The report goes on to address the government’s controversial proposals to increase the VAT rate for concert, festival, sports and museum tickets (as well as books, hotels and newspapers) by 12 percentage points from 2026.
“Higher VAT rates will lead to higher prices, which will put pressure on the accessibility and affordability of culture”
“Higher VAT rates will lead to higher prices, which will put pressure on the accessibility and affordability of culture, events, books and media for the public,” states the report. “This increase will be at the expense of supply, especially in peripheral regions, and will reduce the earning capacity of self-employed people and institutions.

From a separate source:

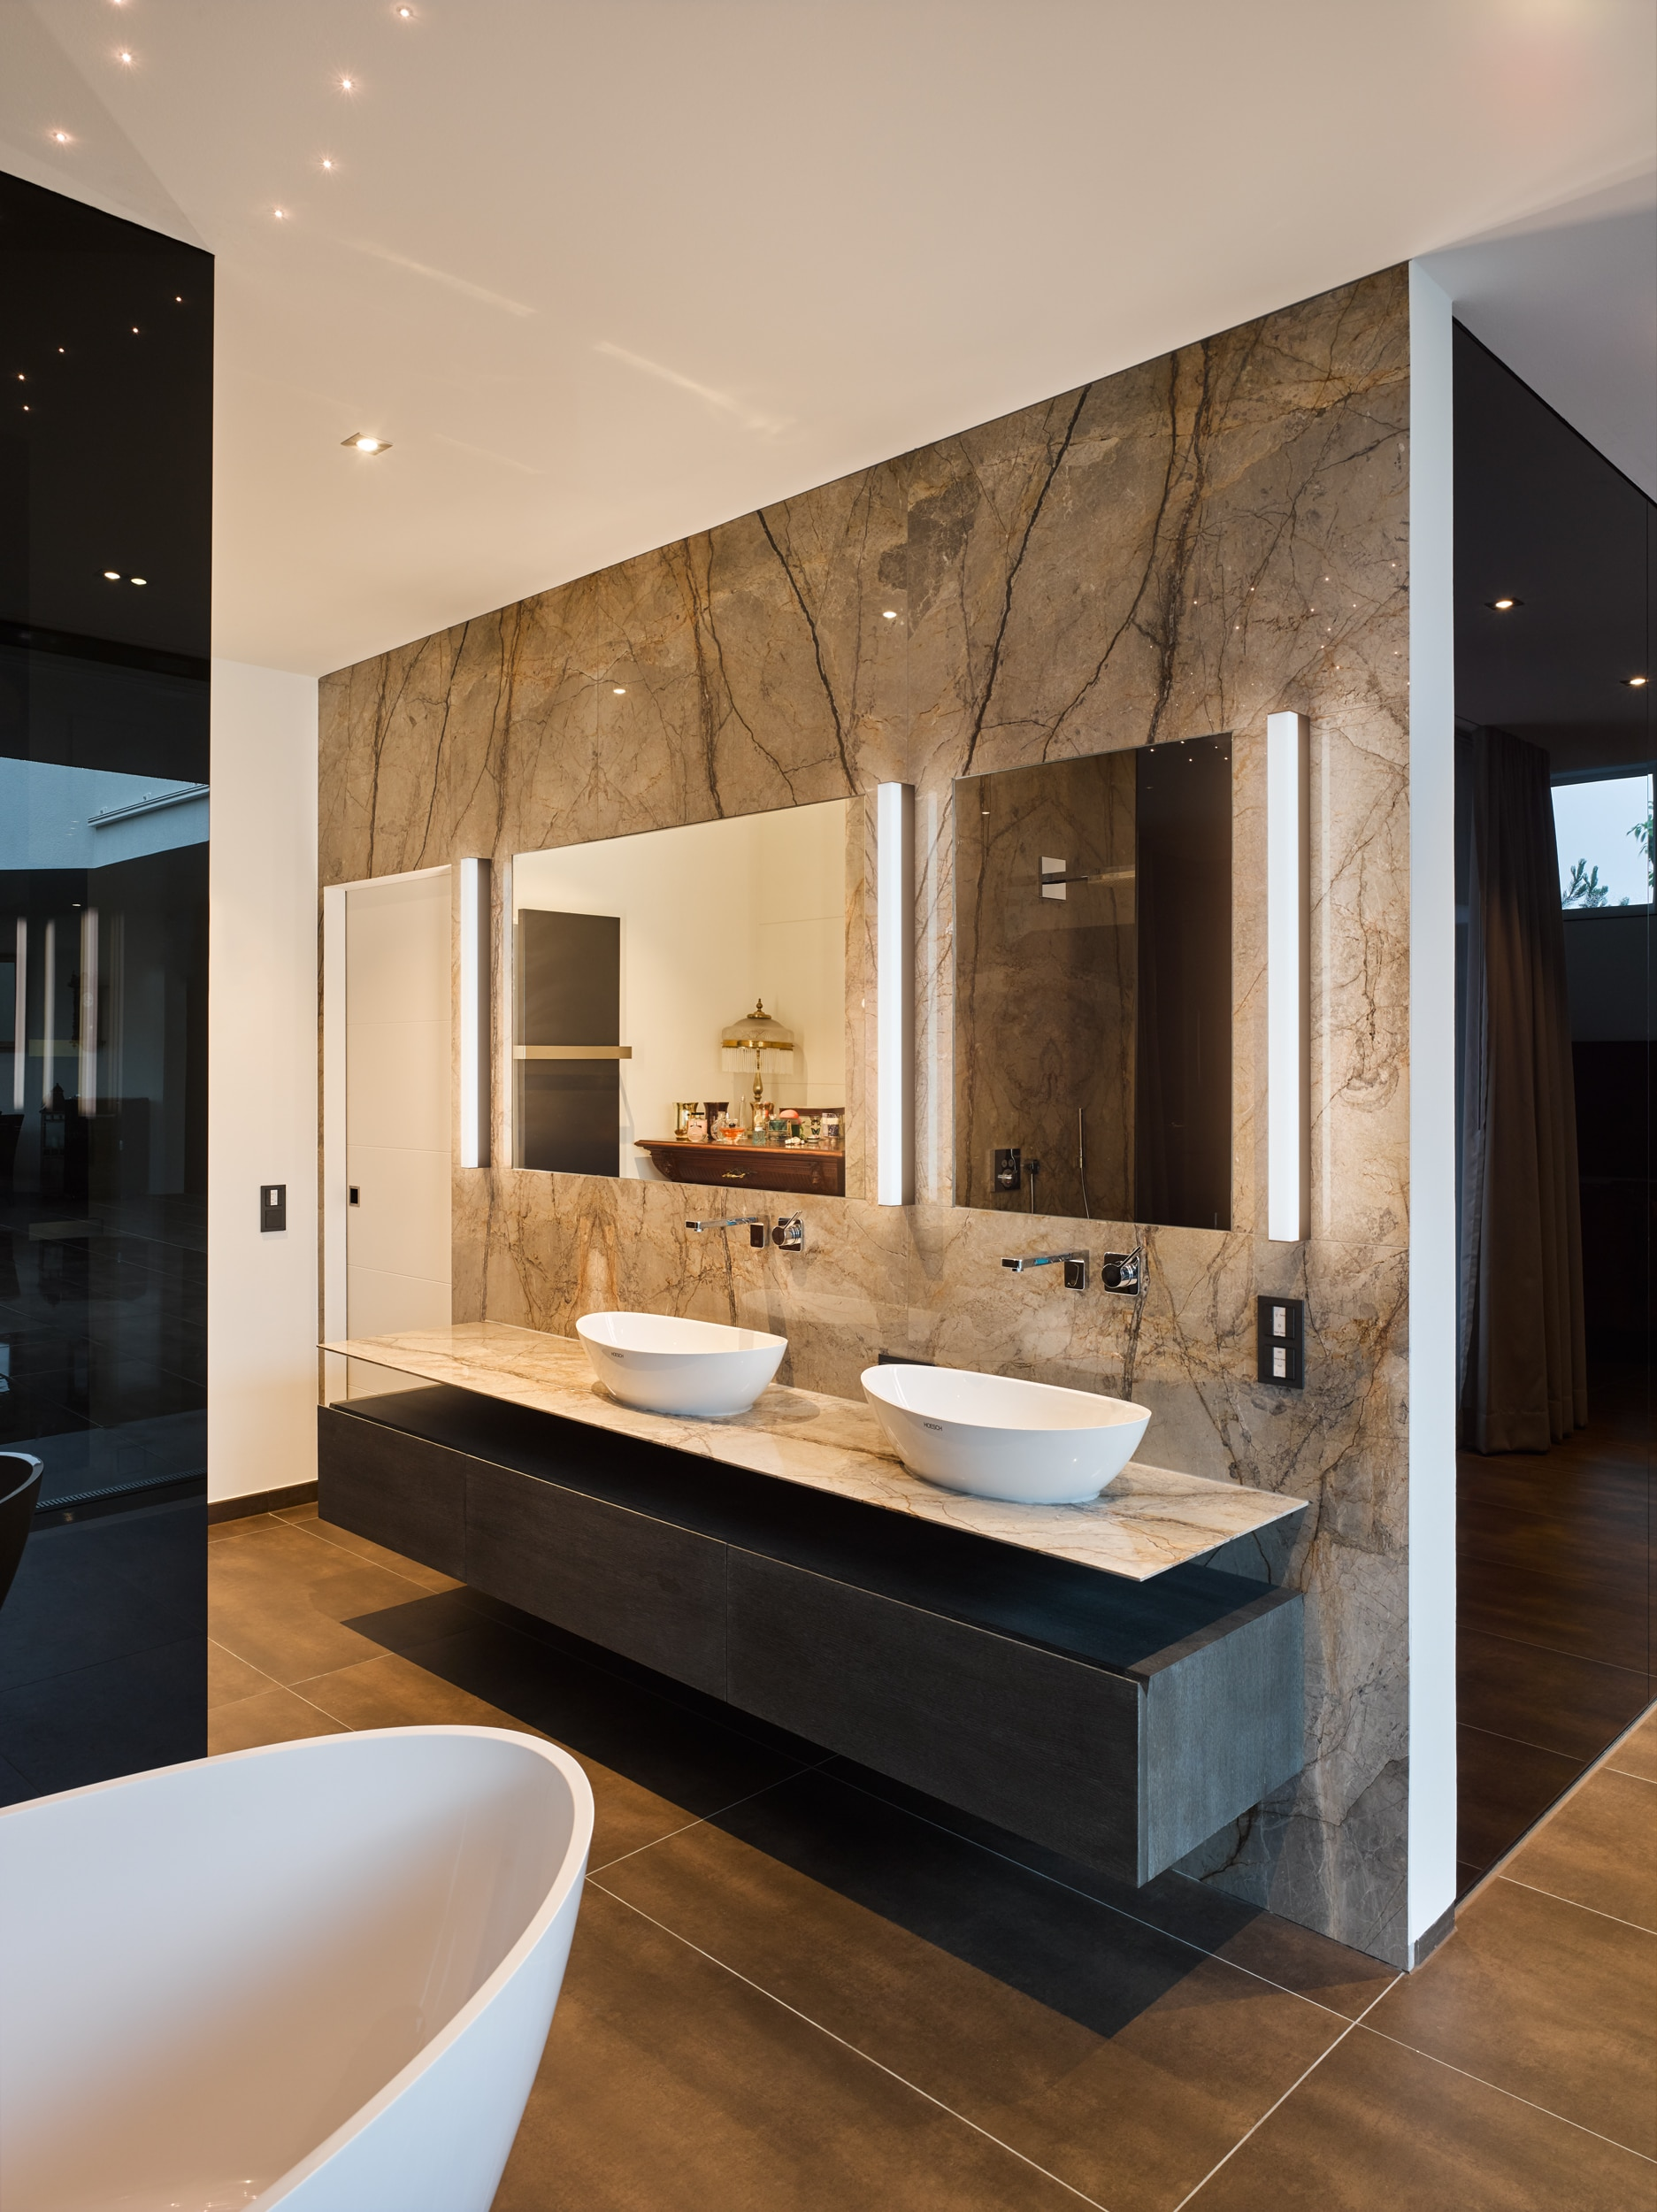 Große Wände aus Silver-Roots-Marmor verkleiden das extravagante Badezimmer. Ein spektakuläres Muster, wie silberne Wurzeln auf einem Waldboden. Die Architektur, klar und schlicht, gibt dem Marmor Raum und Bühne.

Moreover, it will jeopardise the livelihood of artists and performers.”
The VNPF is part of a coalition of Dutch organisations to launch a joint campaign against the plans, which it warns will have a “significant impact” on the country’s cultural and creative sector. A full-page advert appeared in every national and regional newspaper on 3 June with the message #nohigherebtw (nohigherVAT) on behalf of the alliance.
The sector currently contributes €26 billion (3.4%) annually to the Netherlands’ GDP and accounts for almost one in 20 jobs in the Netherlands.
“The VAT increase will have negative economic consequences,” it adds. “For example, it is expected that this measure will lead to 1.5 million fewer visits to festivals and 900,000 fewer visits to performing arts – including pop culture. This will put further pressure on the financial position of the pop sector, which could lead to a loss of employment and a decrease in the number of available pop cultural programmes and events.
“This will mainly affect the middle class and people with a small wallet, which is at odds with the government’s goals of improving subsistence and stimulating entrepreneurship.”